Reading "Providing compassion and justice" (June 23), one thing came to mind: How did a man [Francis Zito] who has been in and out of mental hospitals dozens of times get a 12-gauge shotgun?
R.J. Kuchta
Baltimore
Porous borders put country at risk
The writer of the letter "Bin Laden, not Iraq, poses greatest threat" (June 23), makes an interesting point. Regardless, America will remain in grave danger as long as:
Islamic terrorists can cross our borders.

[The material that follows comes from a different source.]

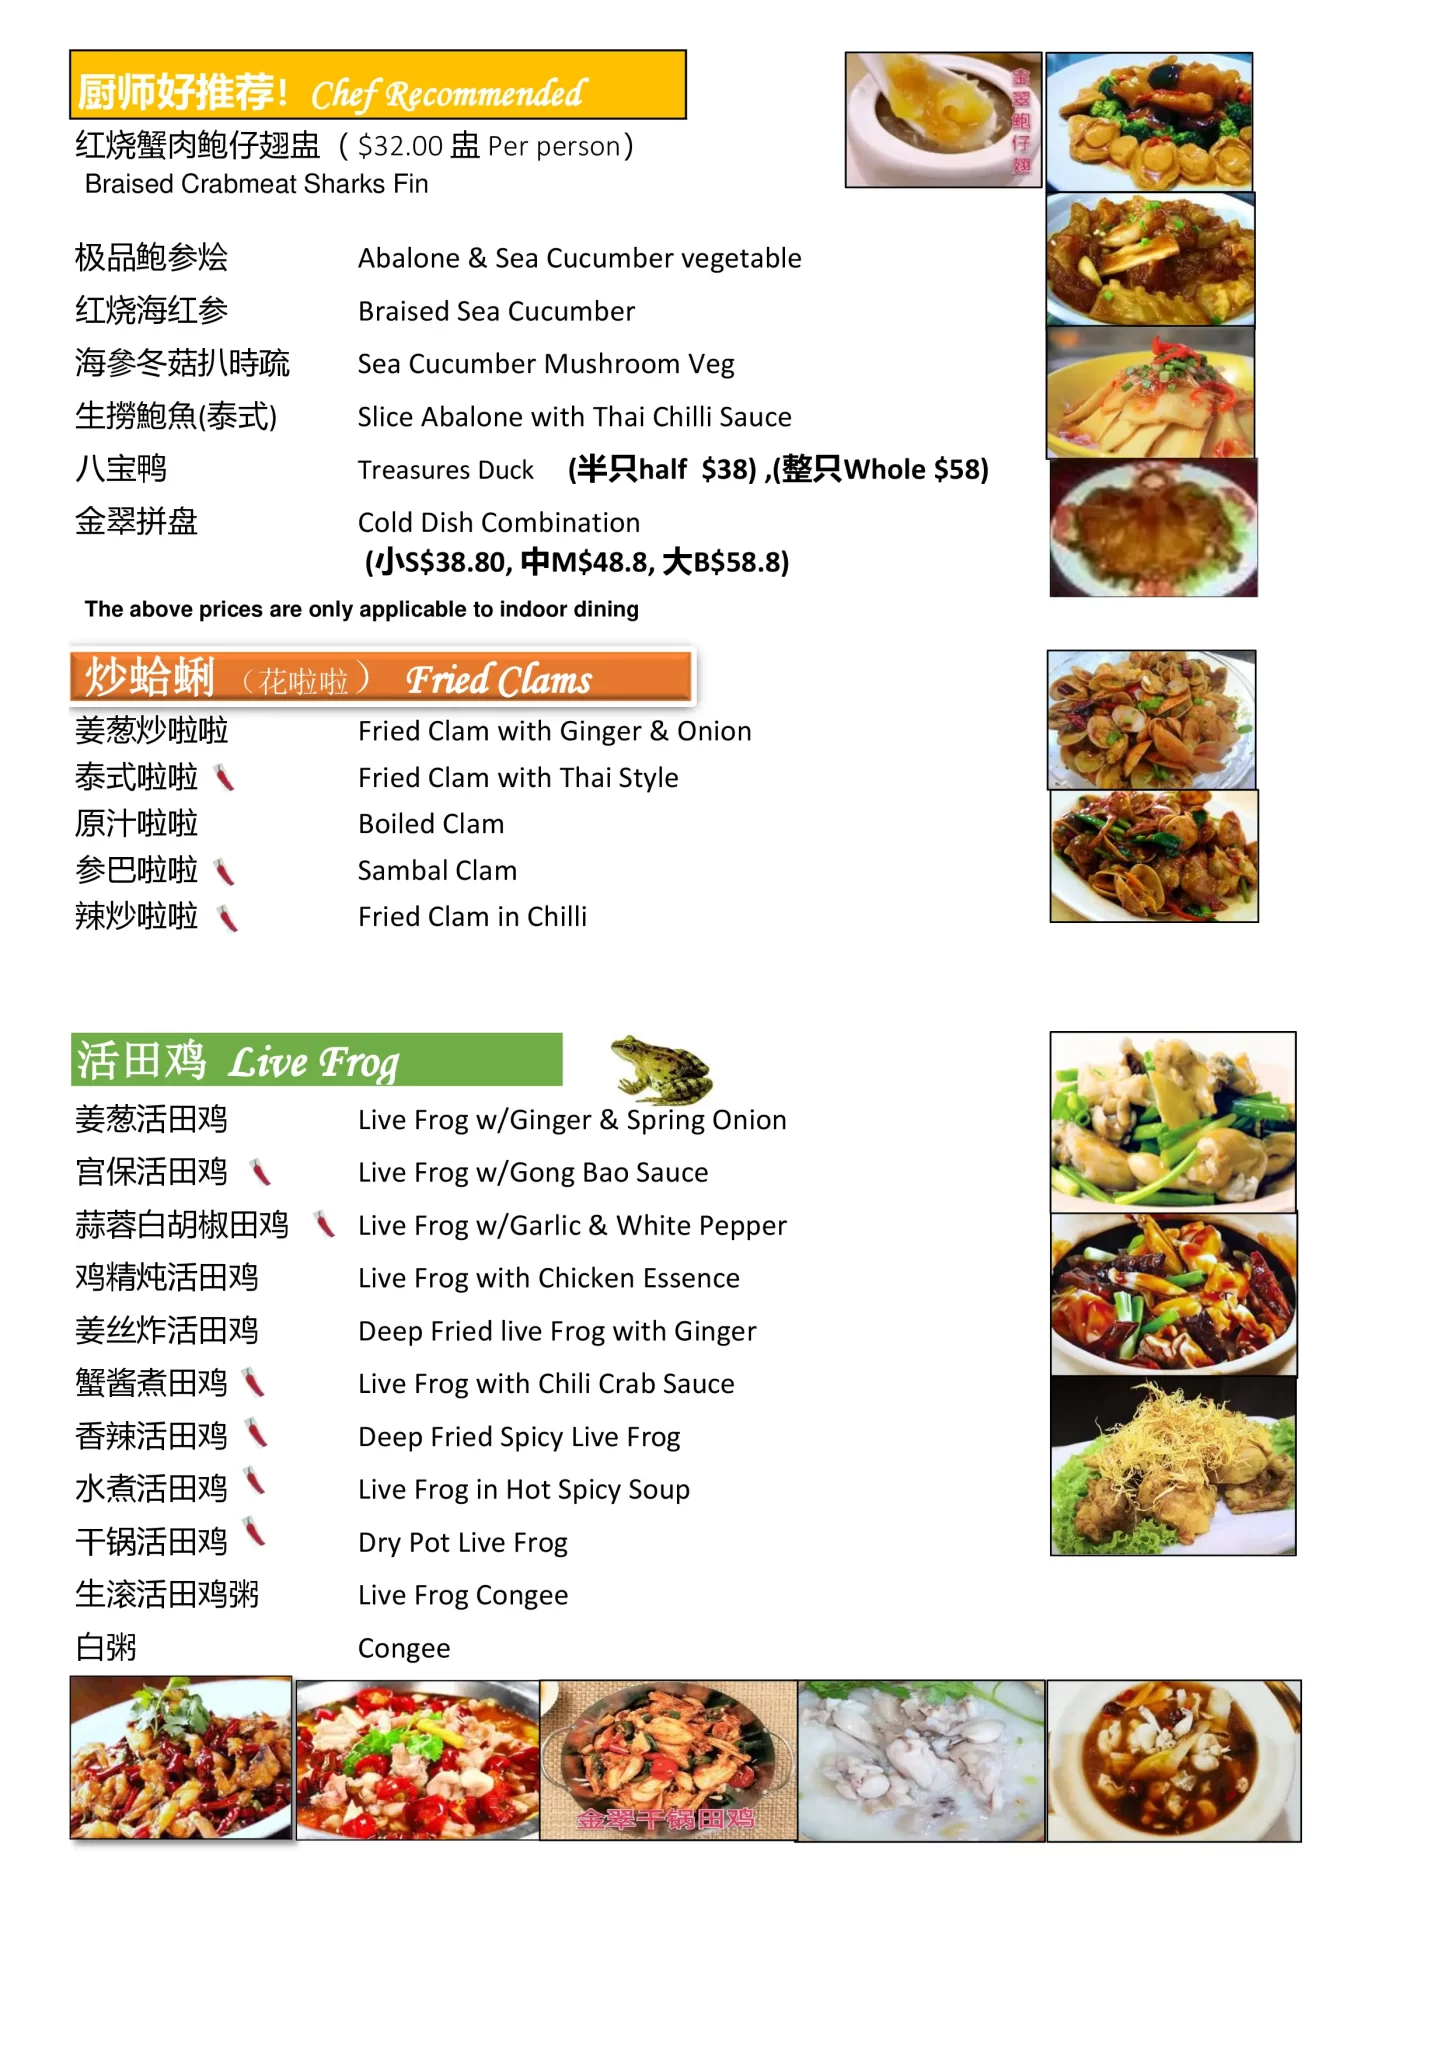 GOLDEN JADE RESTAURANT CHEF'S RECOMMENDATIONS AND FRIED CLAMS MENU 2024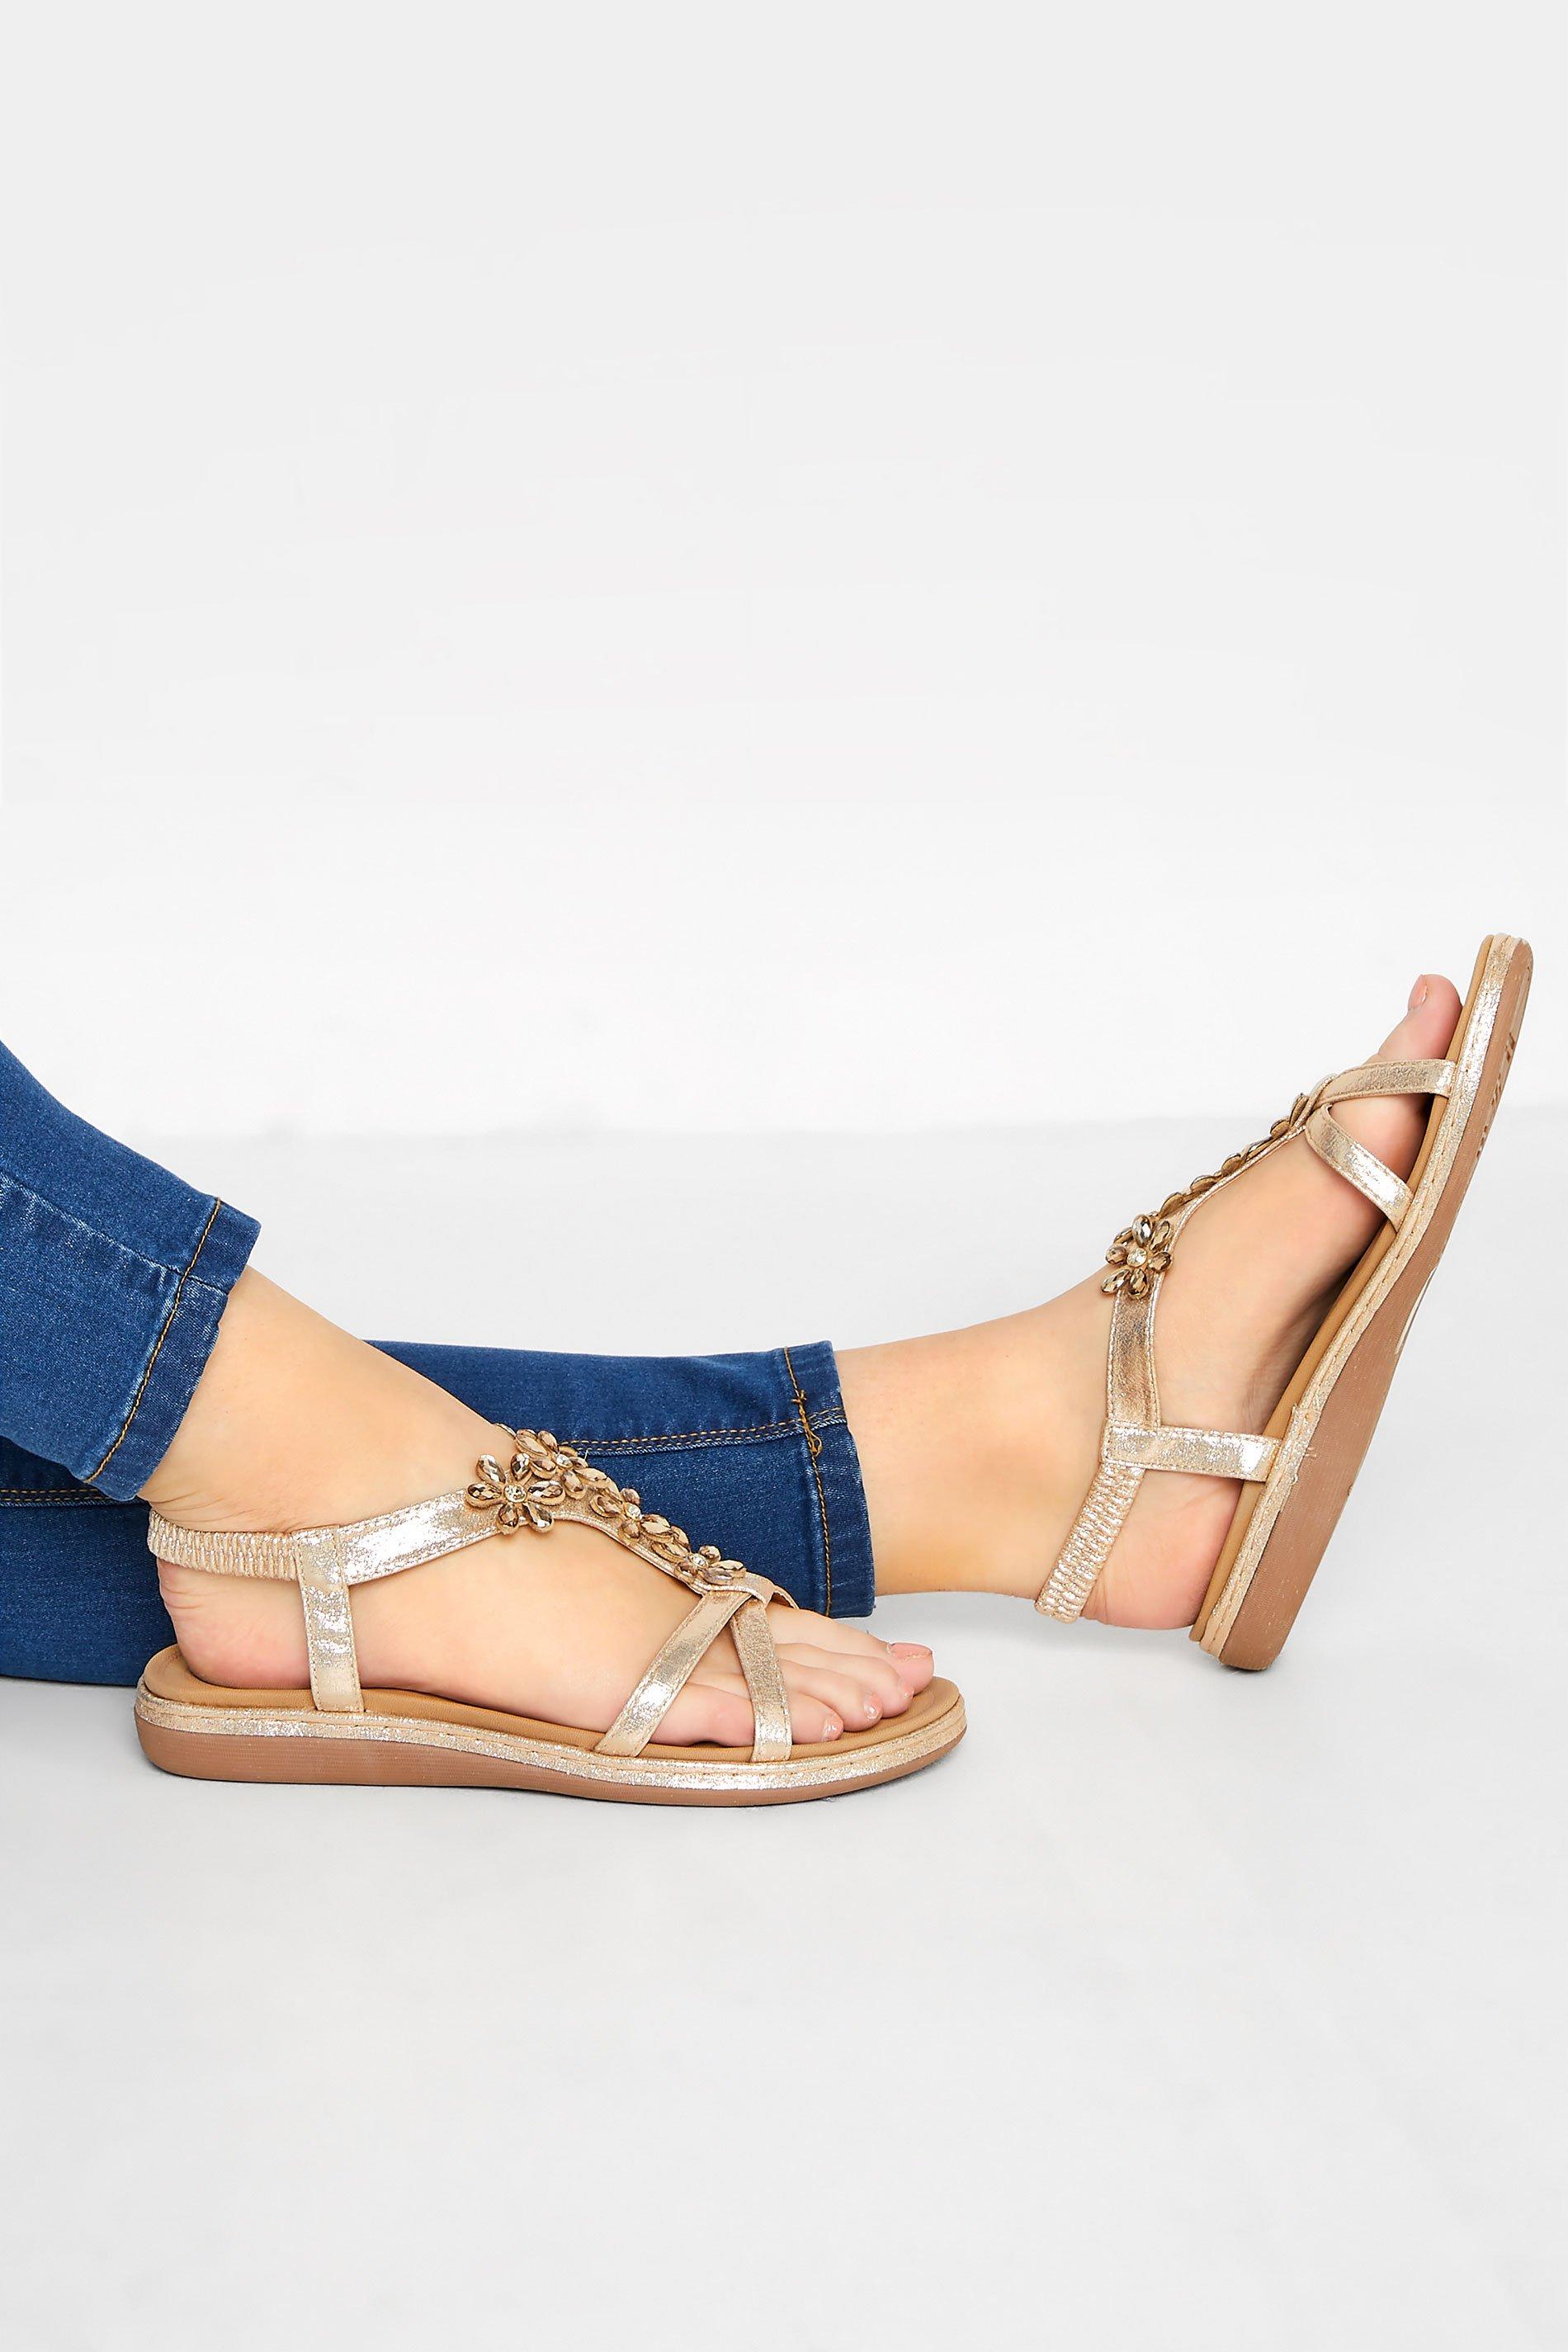 Rose Gold Diamante Flower Sandals In Wide E Fit & Extra Wide Fit

Terrorists have a support network of "brothers" in America and American liberals show more interest in protecting the rights of terrorists than the lives of Americans.
Elliot Deutsch
Bel Air
Exclusive golf course can buy its own ads
It was kind of The Sun to devote several pages of the Sunday and Monday papers to the private golf course at Caves Valley ("Caves Valley course awaits the challenge of Seniors golf," June 23, and "A Cut Above," June 24). I had no idea The Sun had switched from printing news to printing promotional brochures.
Perhaps next time the paper could balance its coverage by noting the millions of gallons of water used (in this time of drought) and how many barrels of chemicals are employed to create that "manicured" look The Sun's writers fancy.
Surely, there must be a less environmentally damaging way to entertain a few hundred rich old men.